This week’s two main events, the ECB meeting and the UK national election have drawn investors intentions in recent weeks. The ECB may take a baby step on what promises several quarters before an exit path from its extraordinary monetary policy.   

UK Prime Minister May’s call for a snap election was seen as a strong move, taking advantage of the apparent weakness of her domestic rivals and strengthen her hand in negotiations with the EU. At the same time preventing an election that would have complicated the conclusion of the Brexit negotiations. May used the reaction to the US decision to pull out of the Paris Accord as an opportunity to put some distance between the UK and the German, French and Italian response. In recent weeks, the initial Tory lead has been whittled away to the point that YouGov is projecting it will be 18 seats shy of a majority.

In the UK the need for a coalition government is often referred to as a hung parliament. If the election does result in a hung parliament, a coalition will be particularly tricky. The tightening of the polls is not so much driven by the loss of Tory support, despite some seemingly electoral gaffes. Rather what appears to have happened is that the Labour Party is increased its support primarily at the expense of the Liberal Democrats and the UK Independent Party. The Scottish Nationalist Party may unexpectedly find itself in a position to shape Brexit, with knock-on implications for a second referendum on independence (and staying in the EU).

The Lib-Dems may be reluctant to enter into a new coalition with the Conservatives. They were decimated in the last election, and may not win sufficient seats to give a coalition a majority. The Tories had been loath to formally enter a coalition with UKIP, but post-referendum, and given the political realities, it may be reconsidered.

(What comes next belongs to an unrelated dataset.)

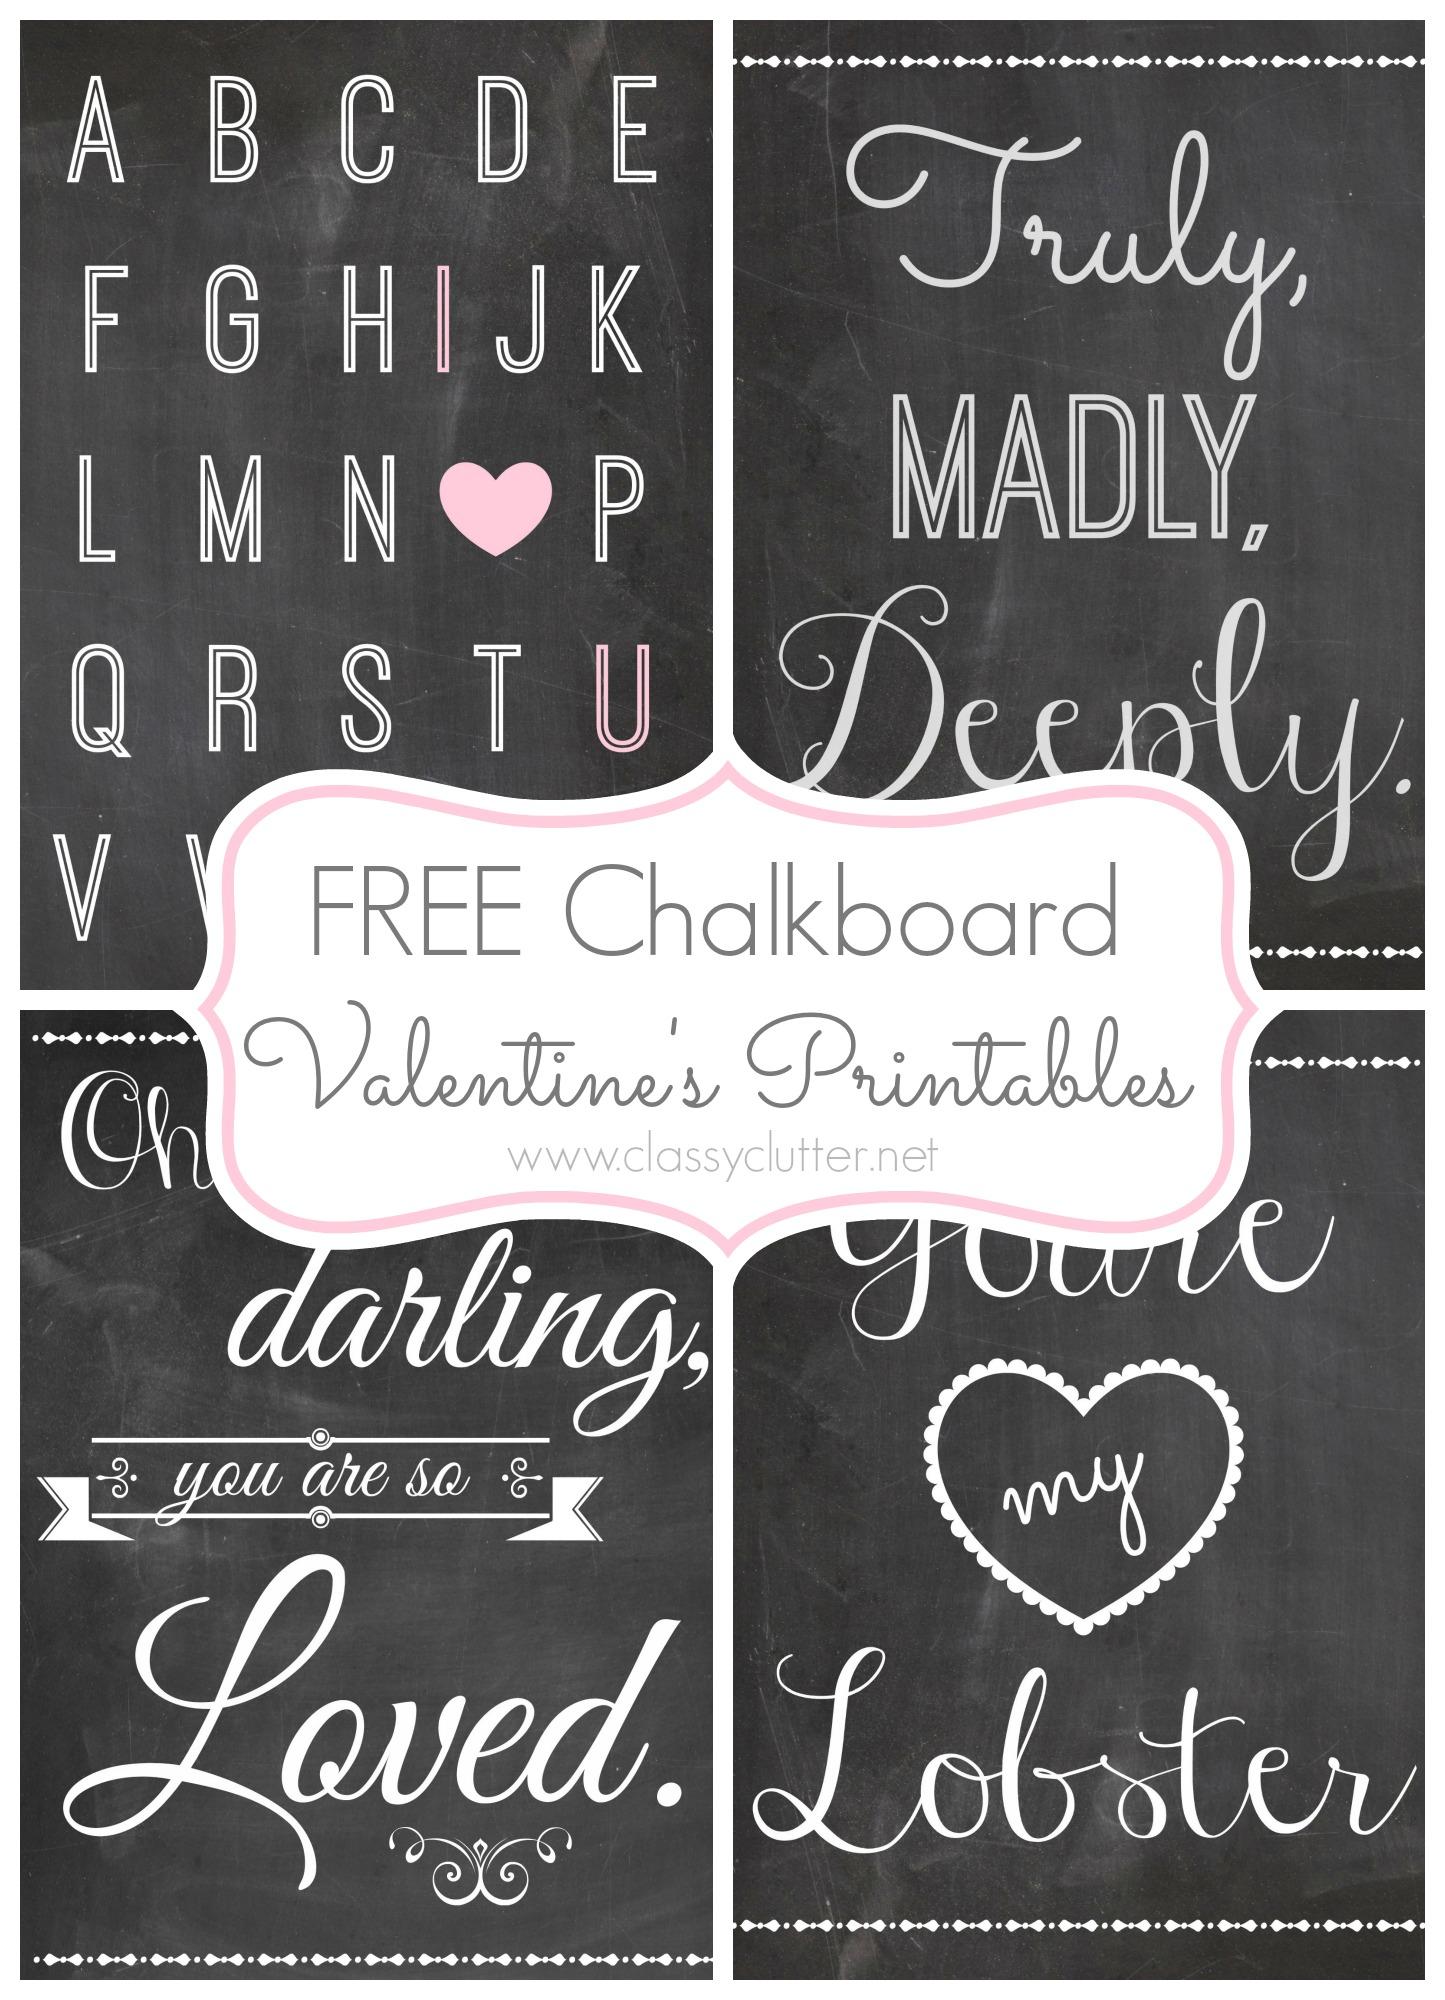 5 Images of Free Printable Valentine Chalkboard

In foreign exchange market, the US dollar’s weakness is masking political anxiety in sterling. Sterling has lost about 4.5% against the euro in a slide over the past six consecutive weeks. It has fallen nearly 3% against the yen in the ongoing four-week drop. On a trade-weighted basis, sterling fell throughout May, losing 2.75%, before recovering a little last week. Volatility has increased (three-month implied) for the past three weeks, and the skew in the risk reversal (puts and calls) has moved sharply in favor of puts.

The FTSE 100 reached new record highs before the weekend. There seemed to be an interesting logic at work. If the election outcome was favorable than equity market would rally and the FTSE 100 would go for the ride. If the election outcome were unfavorable, sterling would be sold and this would cushion the downside of the FTSE 100 where foreign earnings are so important.